As an inquiry into racial and ethnic imagery as opposed to one that examines racism, Only Skin Deep features works that evoke popularly held ideas about race—regardless of the intent of the photographers who took them. Further, this exhibition moves beyond considering race in terms of black versus white by including representations of most ethnic groups in the United States, and, in particular, breaks new ground by considering the myriad depictions of white Americans.

Exhibition Sections

Arranged into five thematic groups, Only Skin Deep shows how racial imagery is organized in binary terms: normal vs. abnormal, order vs. disorder, beauty vs. ugliness, mind vs. body, individual vs. type, and progress vs. backwardness. These oppositions are enforced by some of the exhibiting photographers and subverted by others. The themes are:

Looking Up/Looking Down demonstrates how racial hierarchies can be either based in truth or subverted through irony and parody. Some of the subjects in this section have been denigrated while others are idealized by the photographers.

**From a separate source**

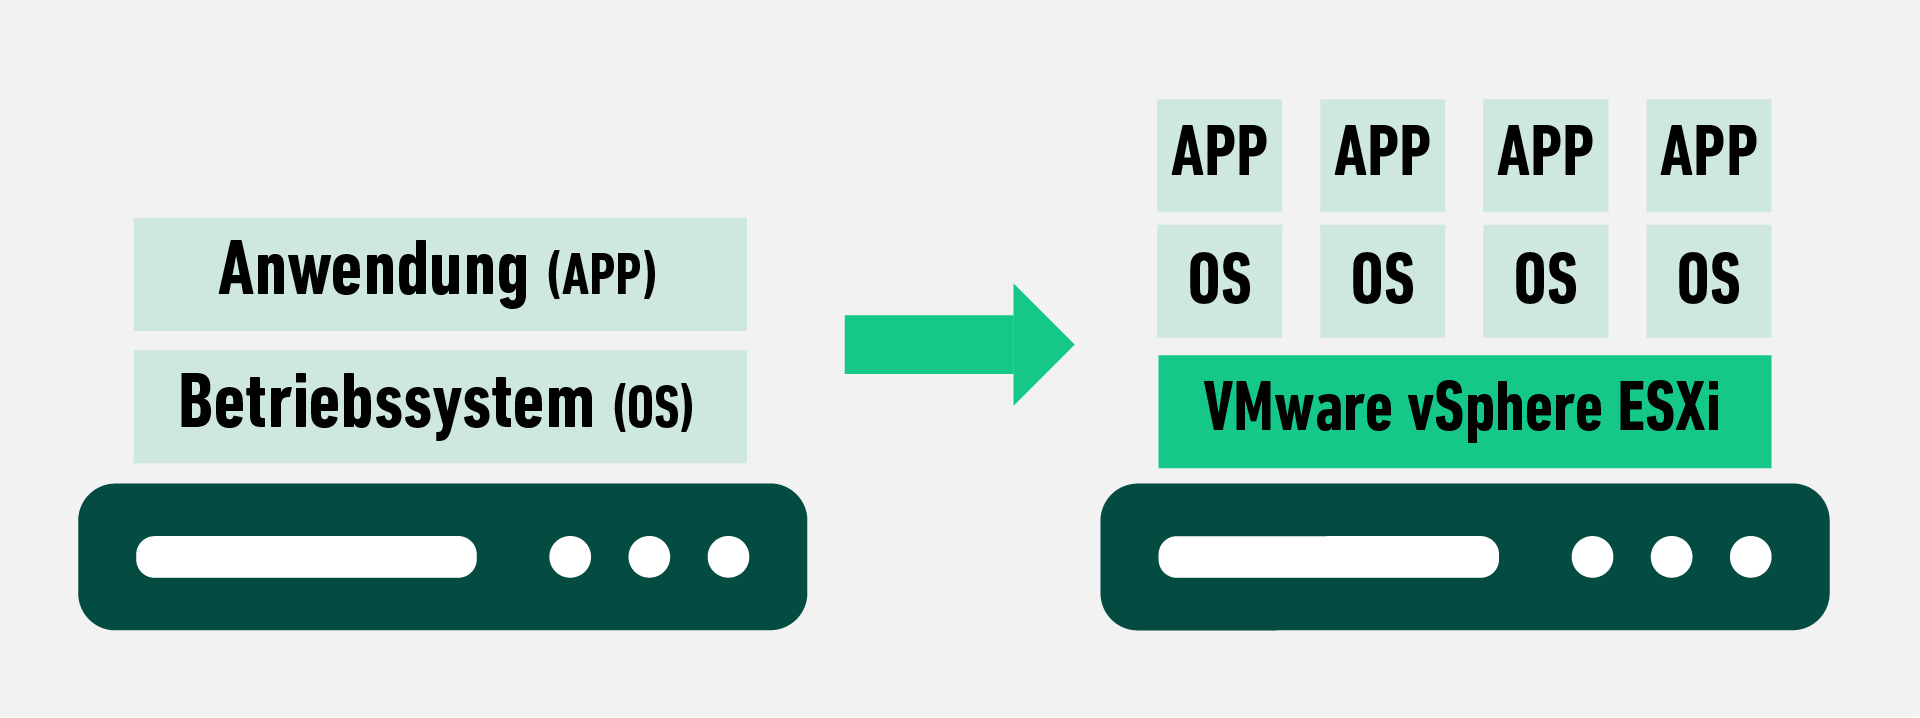 Auf dem Bild ist eine grüne Infographik über die Virtualisierungs-Plattform vSphere sichtbar.

All for One/One for All presents photographs that suggest an "ideal" American, while others represent specific ethnic or racial types.

Humanized/Fetishized contrasts photographs designed to emphasize a subject's uniqueness with those that objectify and dehumanize it. Some images in this group express their ideas about race through the depiction of space and objects rather than human beings.

Assimilate/Impersonate compares subjects who are represented as good candidates for assimilation with those who emulate the characteristics of non-white racial groups.

Progress/Regress focuses on how some images of racial groups represent America's future while others evoke its pre-industrial past. Featured in this section of the exhibition are images that extend the theme beyond the body into space and illustrates how racial ideas can be imposed onto natural and man-made landscapes.

Only Skin Deep is a Millennium Project supported in part by the National Endowment for the Arts with major funding provided by Corbis, Altria Group, Inc., The Rockefeller Foundation and Ford Foundation, and additional support from Samuel L. and Dominique Milbank and from the Third Millennium Foundation.